## Supplied records:
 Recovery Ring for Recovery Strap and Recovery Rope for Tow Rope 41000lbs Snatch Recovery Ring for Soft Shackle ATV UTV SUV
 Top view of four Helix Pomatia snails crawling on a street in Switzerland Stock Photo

* * *

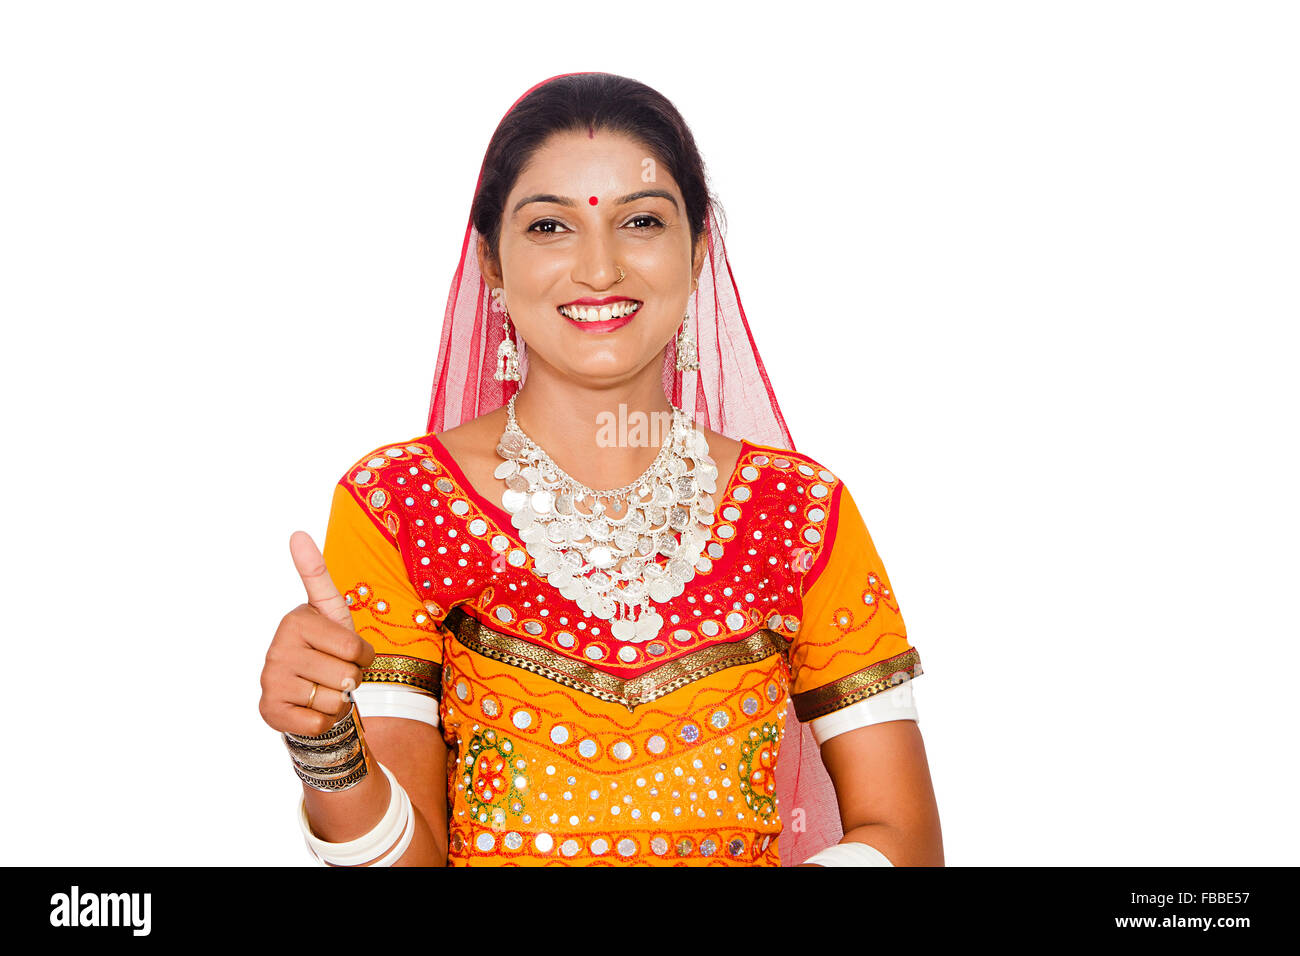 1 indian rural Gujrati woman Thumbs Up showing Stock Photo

## Task requirements:
Above are the entries. Quote exactly the lines from the one bearing "Recovery Ring for Recovery" through the one bearing "Top view of".

## Result:
 Recovery Ring for Recovery Strap and Recovery Rope for Tow Rope 41000lbs Snatch Recovery Ring for Soft Shackle ATV UTV SUV
 Top view of four Helix Pomatia snails crawling on a street in Switzerland Stock Photo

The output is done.